I realised that np.power(a, b)
is slower than np.exp(b * np.log(a))
:
import numpy as np
a, b = np.random.random((2, 100000))
%timeit np.power(a, b) # best of 3: 4.16 ms per loop
%timeit np.exp(b * np.log(a)) # best of 3: 1.74 ms per loop
The results are the same (with a few numerical errors of order 1e-16).
What additional work is done in np.power
? Furthermore, how can I find an answer to these kind of questions myself?
The np. power() function computes exponents in Numpy. Python numpy. power() function enables us to perform the simple exponentiation like b to the power of n, and it also allows you to do this with large Numpy arrays.
power() in Python. numpy. power(arr1, arr2, out = None, where = True, casting = 'same_kind', order = 'K', dtype = None) : Array element from first array is raised to the power of element from second element(all happens element-wise).
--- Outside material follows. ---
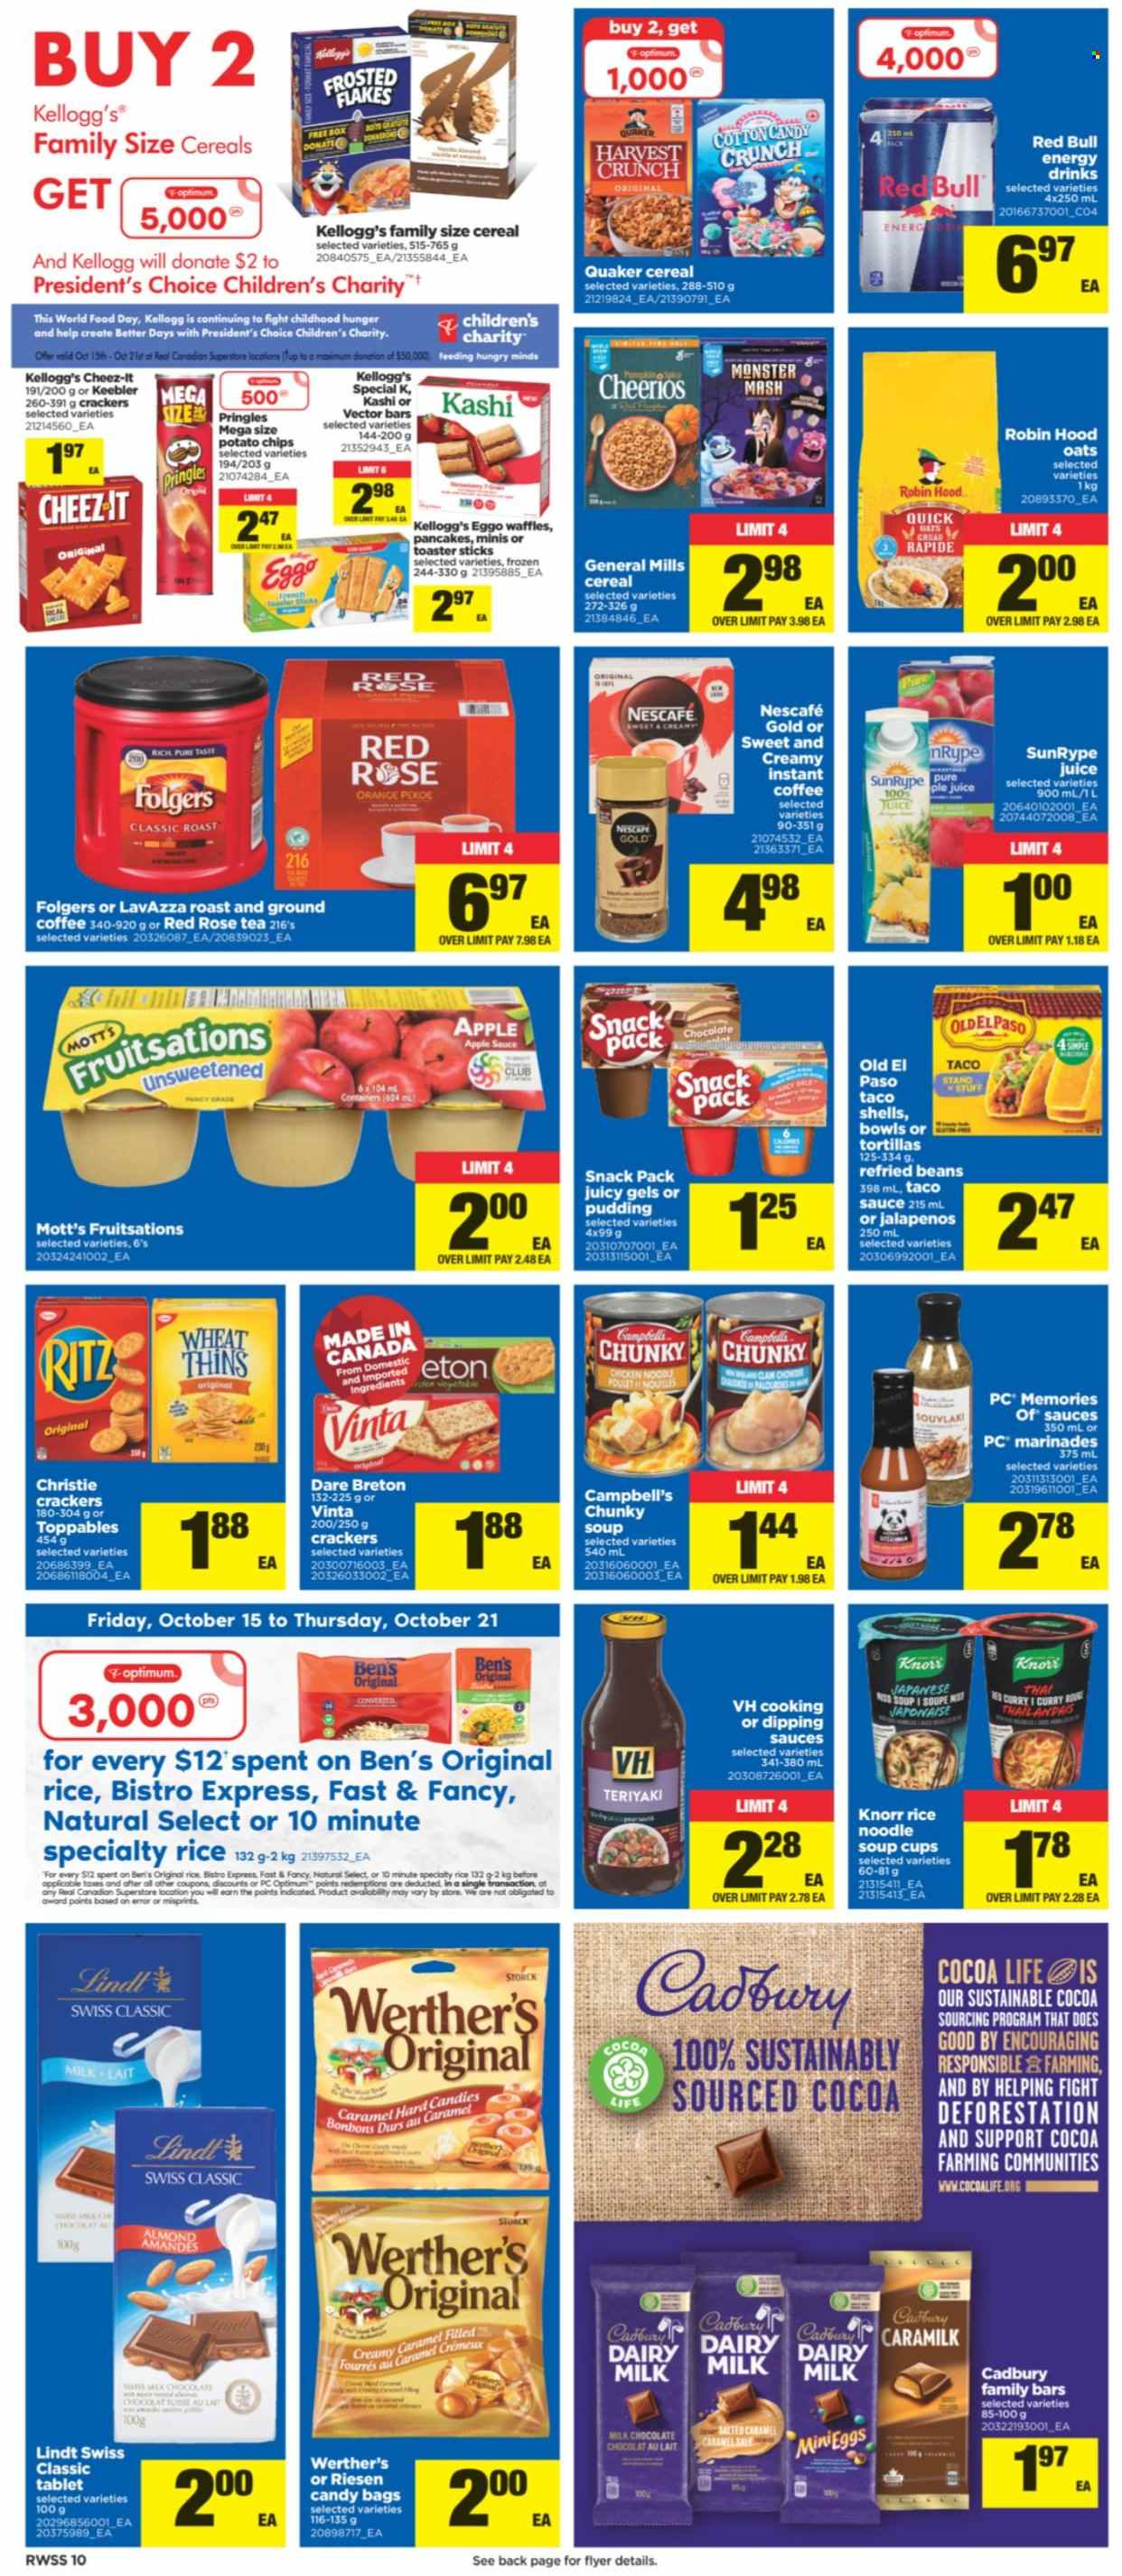 thumbnail - Real Canadian Superstore Flyer - October 15, 2021 - October 21, 2021 - Sales products - tablet, tortillas, waffles, Mott's, Campbell's, soup, pancakes, Quaker, noodles, Président, pudding, eggs, milk chocolate, chocolate, cotton candy, crackers, Kellogg's, Cadbury, Dairy Milk, Keebler, RITZ, potato chips, Pringles, Thins, Cheez-It, oats, refried beans, Cheerios, Frosted Flakes, taco sauce, apple sauce, juice, energy drink, Monster, Red Bull, tea, instant coffee, Folgers, ground coffee, Lavazza, rosé wine, cup, Optimum, rose, Knorr, toaster, Lindt, Nescafé, oranges. Page 10.

Under the hood both expressions call the respective C functions pow
or exp
and log
and running a profiling on those in C++, without any numpy code, gives:
pow : 286 ms
exp(log) : 93 ms
This is consistent with the numpy timings. It thus seems like the primary difference is that the C function pow
is slower than exp(log)
.
Why? It seems that part of the reson is that the expressions are not equivalent for all input. For example, with negative a
and integer b
, power
works while exp(log)
fails:
>>> np.power(-2, 2)
4
>>> np.exp(2 * np.log(-2))
nan
Another example is 0 ** 0
:
>>> np.power(0, 0)
1
>>> np.exp(0 * np.log(0))
nan
Hence, the exp(log)
trick only works on a subset of inputs, while power
works on all (valid) inputs.
In addition to this, power
is guaranteed to give full precision according to the IEEE 754 standard, while exp(log)
may suffer from rounding errors.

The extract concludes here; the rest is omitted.